# Ясная поляна



## a-feda (22 Янв 2011)

Подскажите пожалуйста каком состоянии можно купить "ясную поляну" за 40 тыс руб?
Заранее Спасибо.


----------



## Новиков Игорь (22 Янв 2011)

Ясная поляна очень добротный и крепкий инструмент.Я имею ввиду инструменты до 90-х годов выпуска.Потом качество резко упало.Как сейчас ,не знаю.На последних Полянах не играл. Цена ведь зависит не только от состояния ,но и от спроса.В Москве за такой инструмент будут просить 70-90 тысяч ,а в регионе и 40-50 может стоить.Надо смотреть обязательно,инструмент и за 40 тысяч может быть не плохим и за 90 тысяч убитым,хотя чтобы,убить Ясную поляну, надо очень постараться. Я очень люблю этот инструмент,хотя легко могу прикупить и самый навороченный Юпитер,да вроде бы ,как, все в свое время.Сейчас мне это ни к чему.Сын у меня пианист и все Юпитеры ему по барабану.Так ,что играю в свое удовольствие, на Поляне-прекрасный инструмент,проверенный временем.


----------



## zet10 (22 Янв 2011)

Странный вопрос!Как правильно ответил Игорь за 40 тыс.р. можно купить как дрова так и очень в хорошем состоянии инструмент.Что то советовать неглядя в таких вопросах невозможно!


----------



## a-feda (23 Янв 2011)

А для какого вида жанра используют "Ясную поляну"?


----------



## ze_go (23 Янв 2011)

для вида жанра музицирования :biggrin:


----------



## zet10 (23 Янв 2011)

a-feda писал:


> А для какого вида жанра используют "Ясную поляну"?

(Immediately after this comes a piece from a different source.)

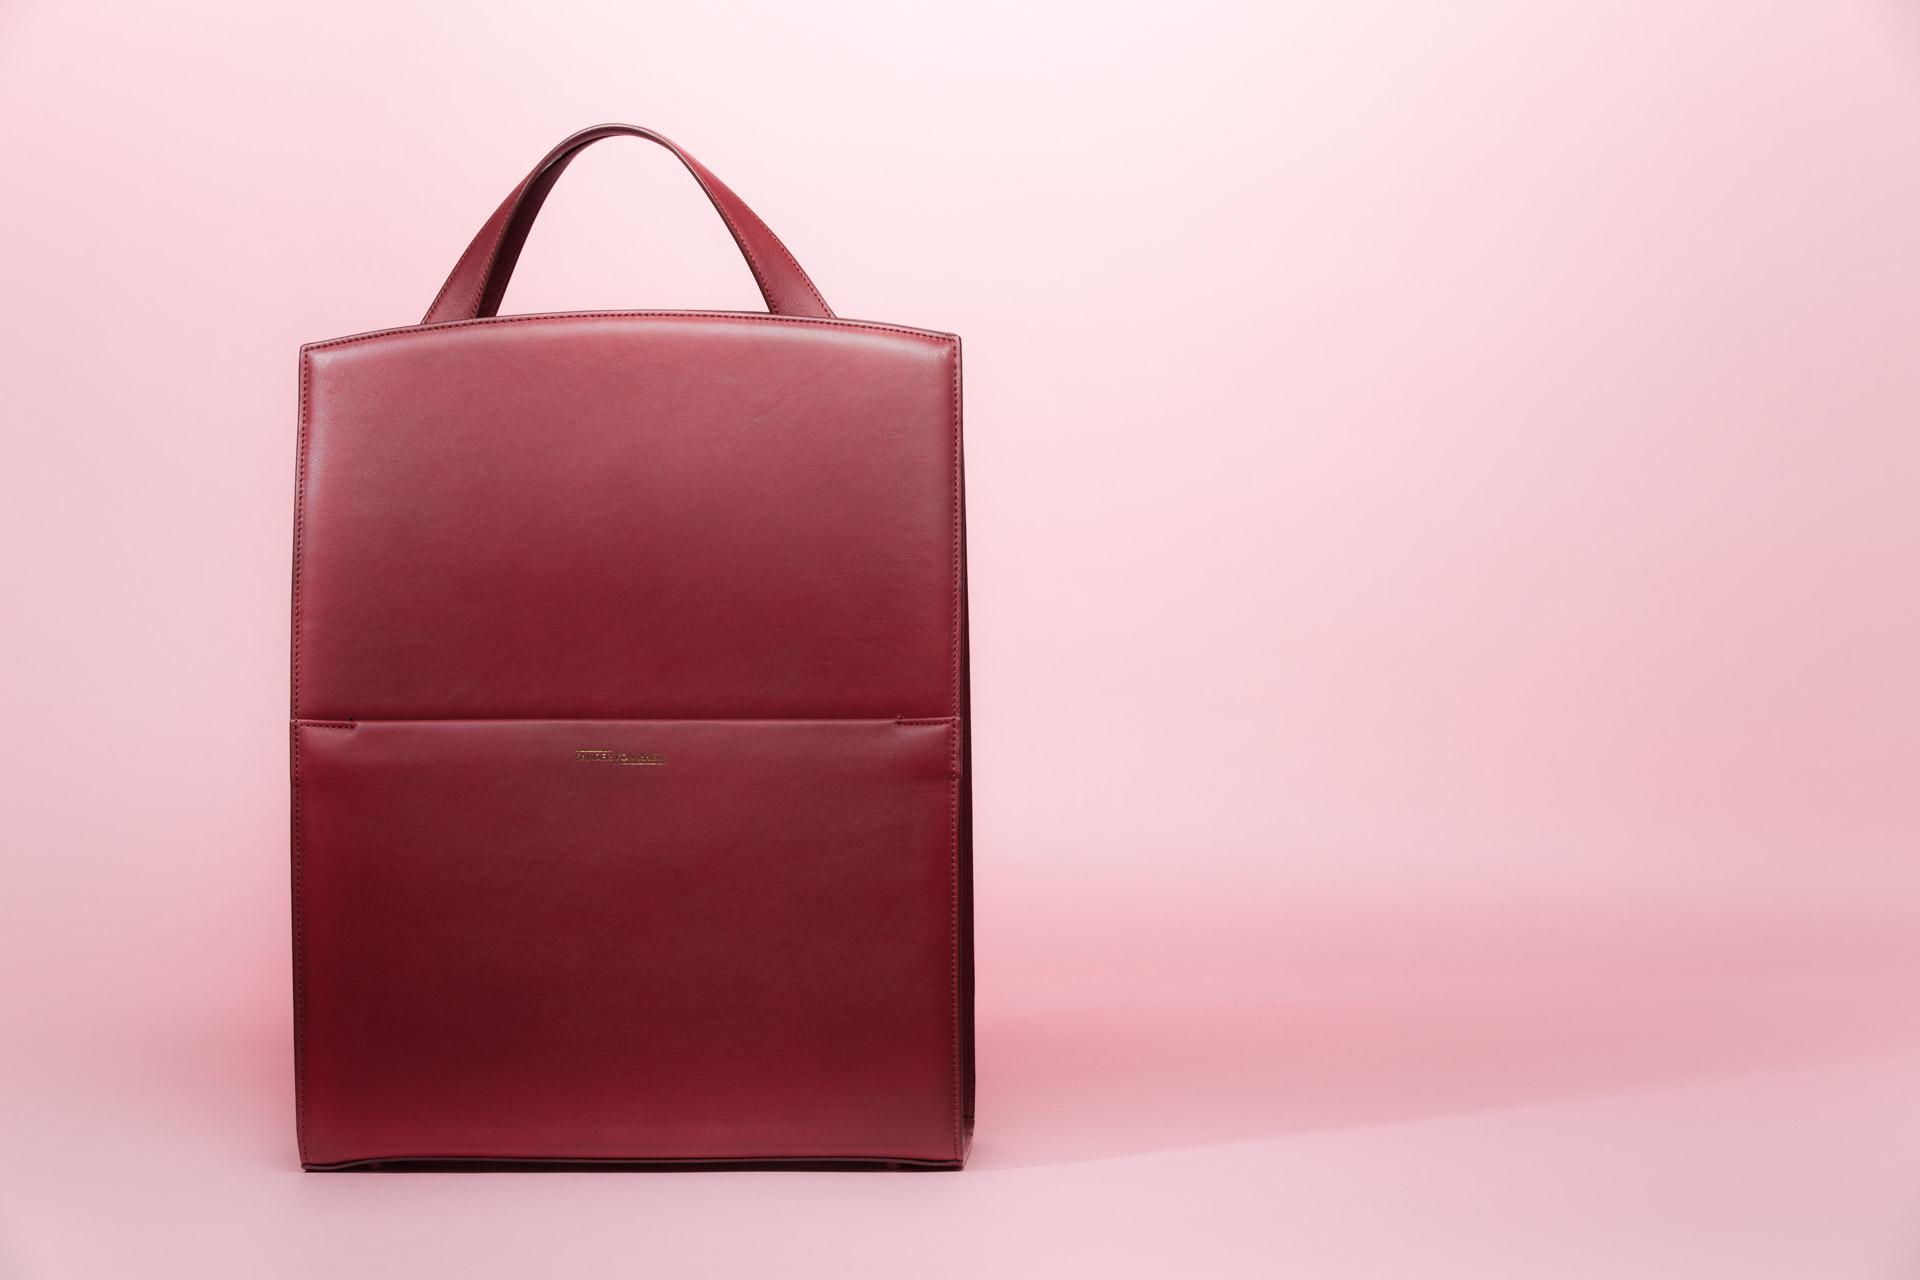 WEB Backup bags shop presentation-21.jpg

Еще есть глупее вопросы))?


----------



## a-feda (23 Янв 2011)

Не все такие умные. Лучше бы ответил на вопрос!


----------



## zet10 (23 Янв 2011)

ze_go полностью ответил на него.


----------



## a-feda (23 Янв 2011)

Я имел виду для концертной деятельности сойдет?


----------



## zet10 (23 Янв 2011)

Вполне.Хотя конечно смотря какую концертную деятельность вы замышляете))?!


----------